In search of a lifeline, he turned to his arch -rival - Zhao at Binance - who agreed to buy the stock exchange on Tuesday. FTX "asked for our help", Zhao wrote on Twitter and added: "There is a significant liquidity crisis."
But after less than 48 hours of diligence, Binance went away on Wednesday. Zhao referred to concerns about the business practices of FTX and the investigation by the supervisory authorities.
After his best bet was gone, Bankman-Fried searched for an alternative and asked investors by up to $ 8 billion to stuff a hole in the FTX balance. He turned to the crypto exchanges OKX, the StableCoin operator Tether and Justin Sun, the founder of the crypto token Tron, to get a money injection-but none came about.
investors who had supported him as willingly as Sequoia Capital and Softbank at the beginning of the year, wrote down the investments to zero.
Bankman-Fried went to Twitter on Thursday to apologize for the crisis that devoured his crypto empire. "I'm sorry. This is the biggest. I screwed it up and should have done it better," he said, adding that Alameda would close. In one last attempt he tried to assure the market that FTX Solvent was, but not liquid and that the users of his US arm "go well".

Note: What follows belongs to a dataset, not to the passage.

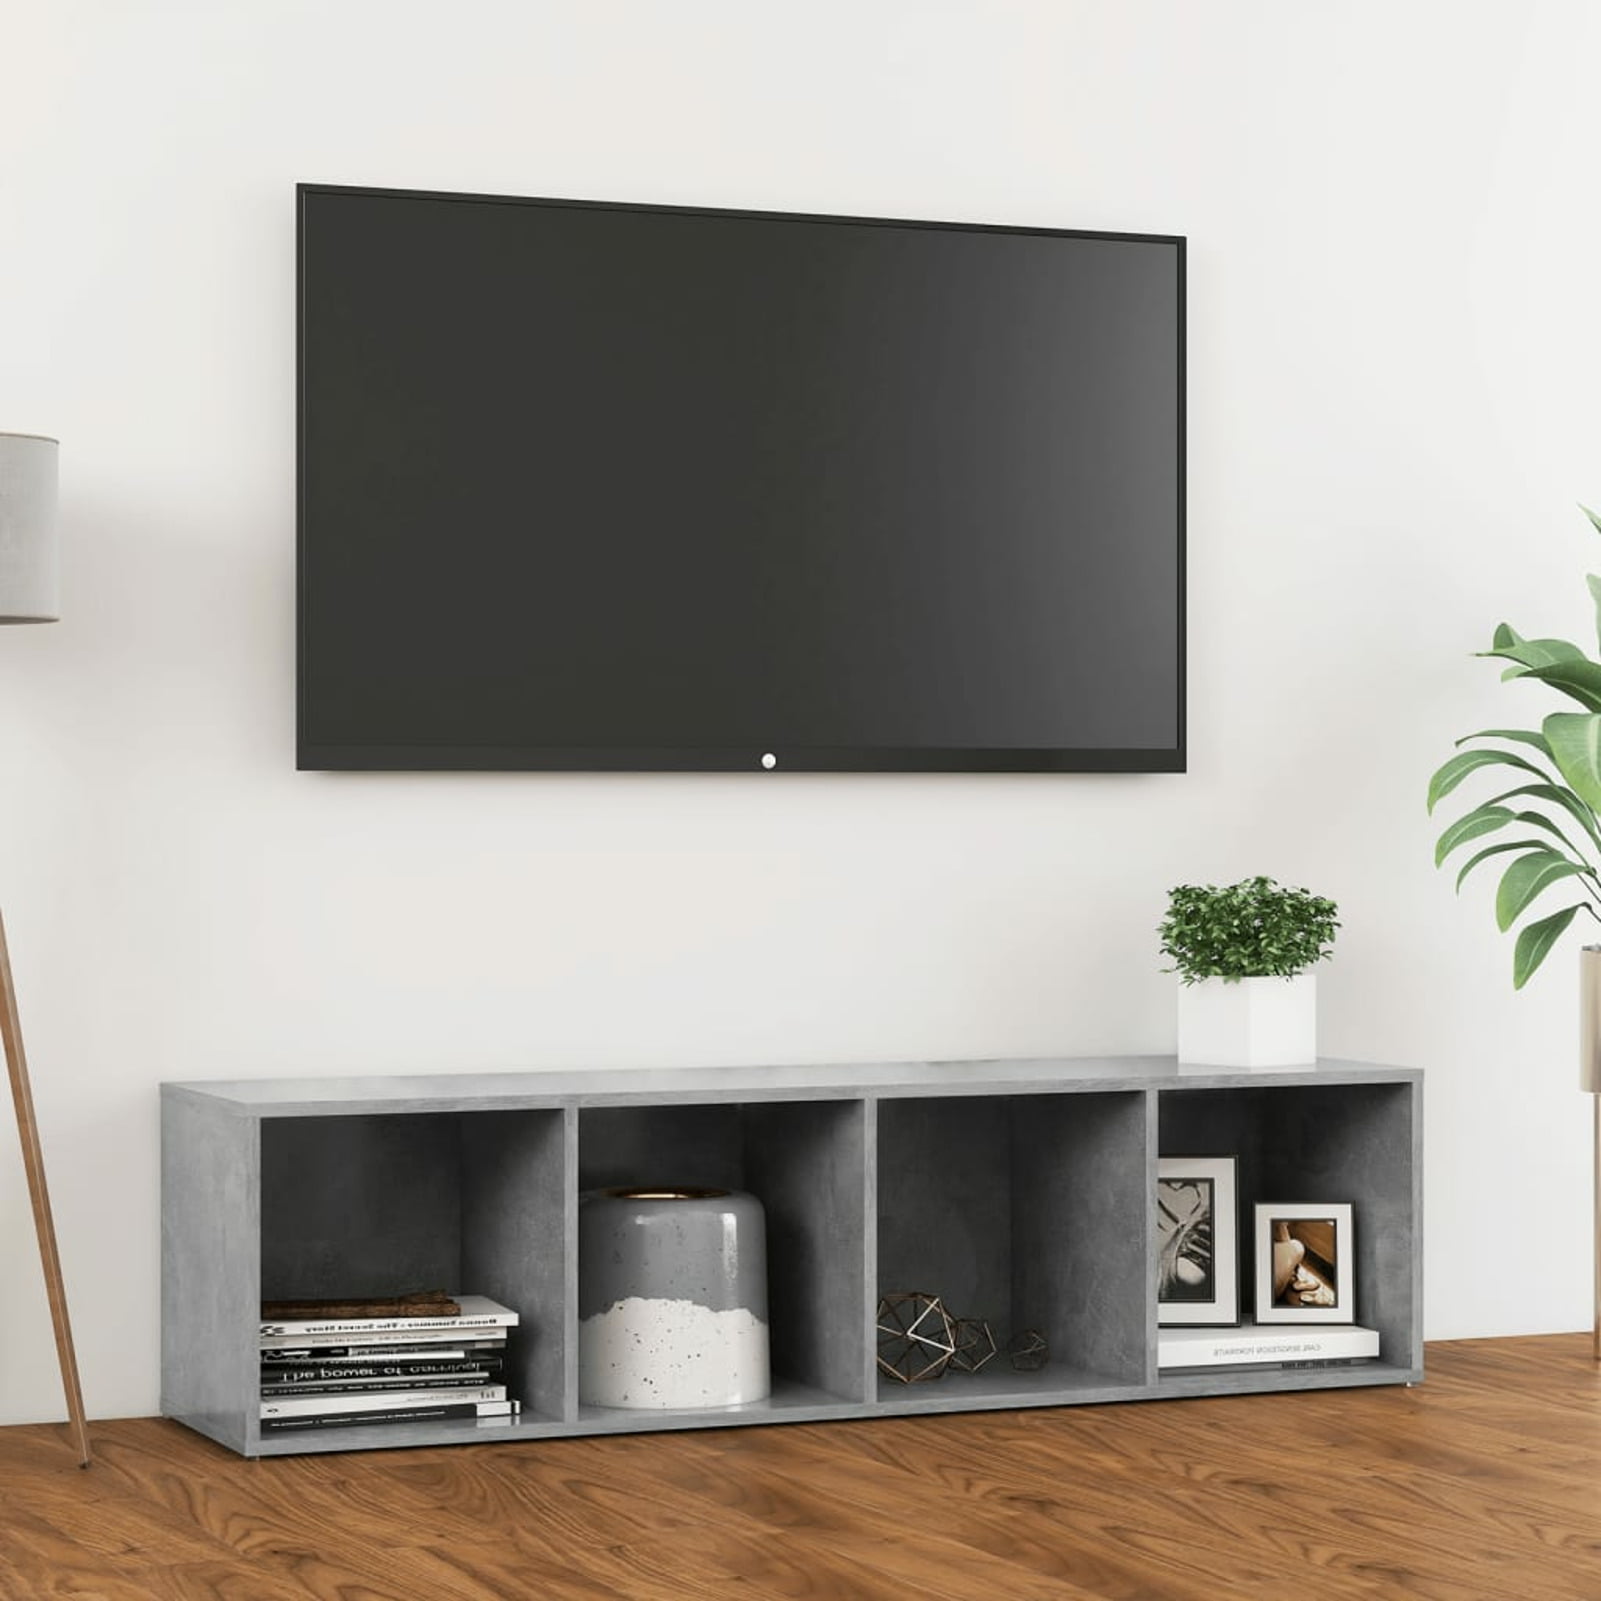 Details about   TAVR Universal Floor TV Stand Base with Swivel Height Adjustable Mount 1-Shelf 
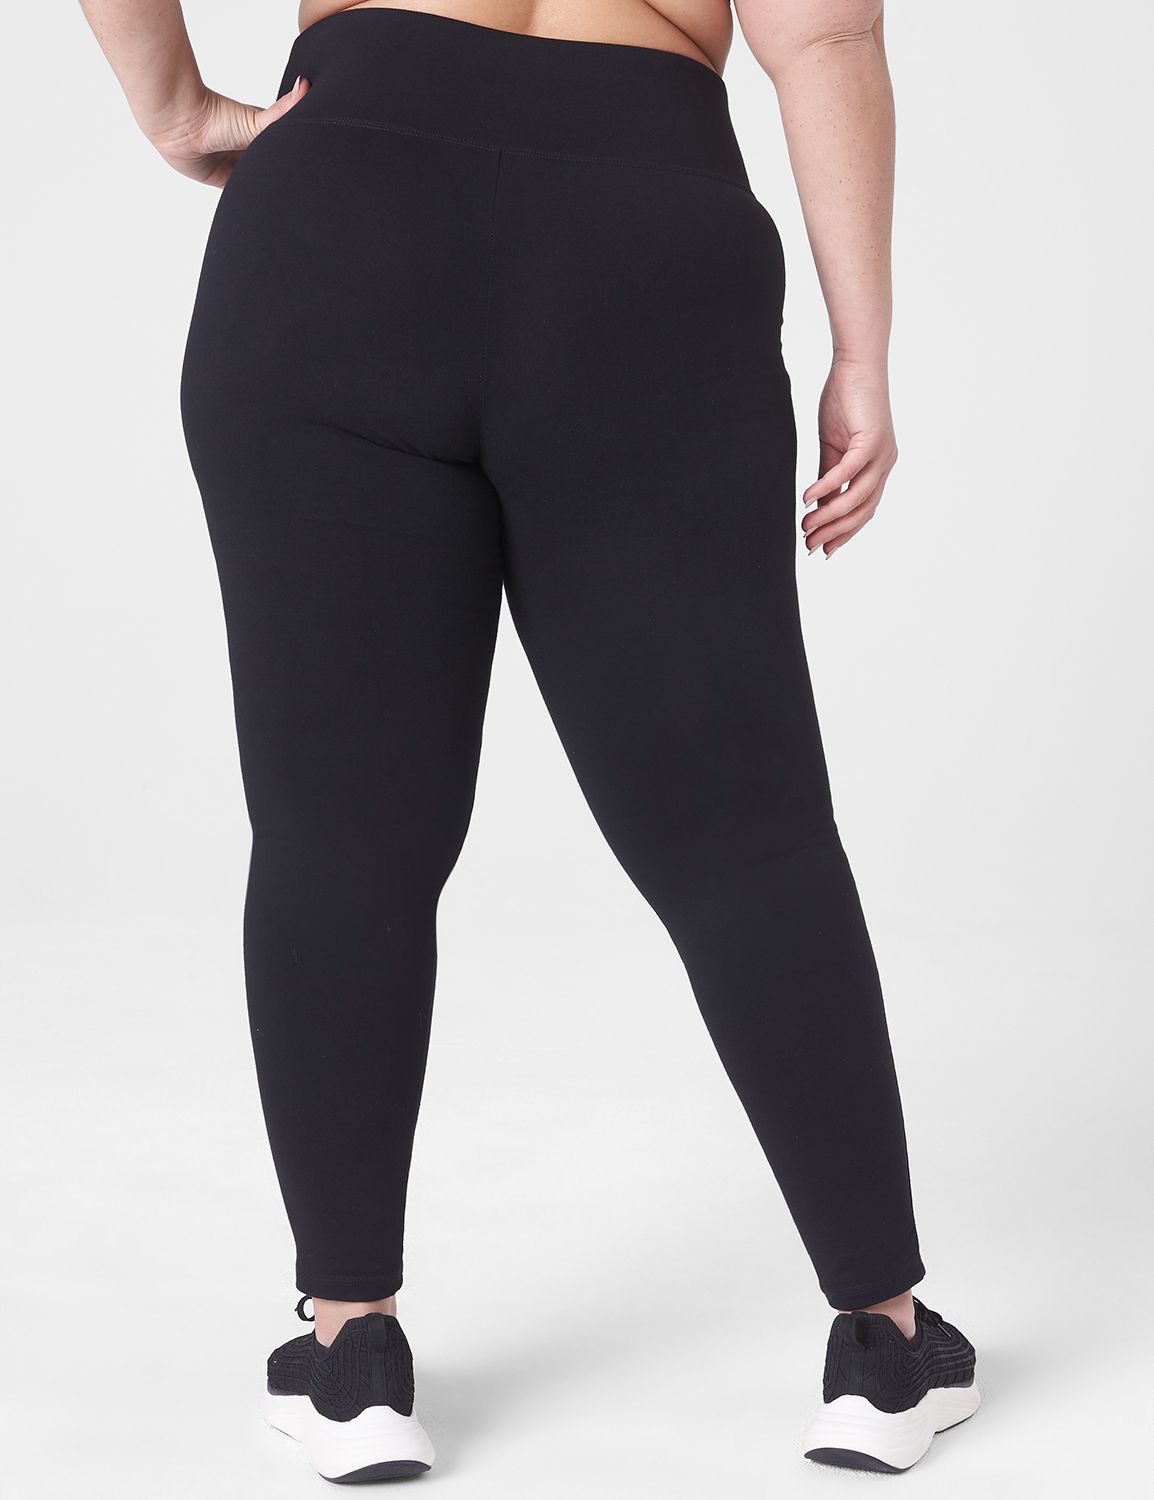 Sizing help on the stretch high rise 7/8 pants please! Details in

It was too late. FTX and Alameda had registered bankruptcy within 24 hours, and Zhao predicted that the effects would plunge the industry into a crisis that resembled the crash from 2008. The US supervisory authorities are examining the FTX loan products and the management of customer money, said a person who is familiar with it. For many, the cause was simple.
"All rooted in a lack of transparency and conflicts of interest," said Anish Puaar, head of the European stock market structure at the Market Maker. "A large stock exchange like the London Stock Exchange or the German stock exchange has never been so closely connected to a market maker."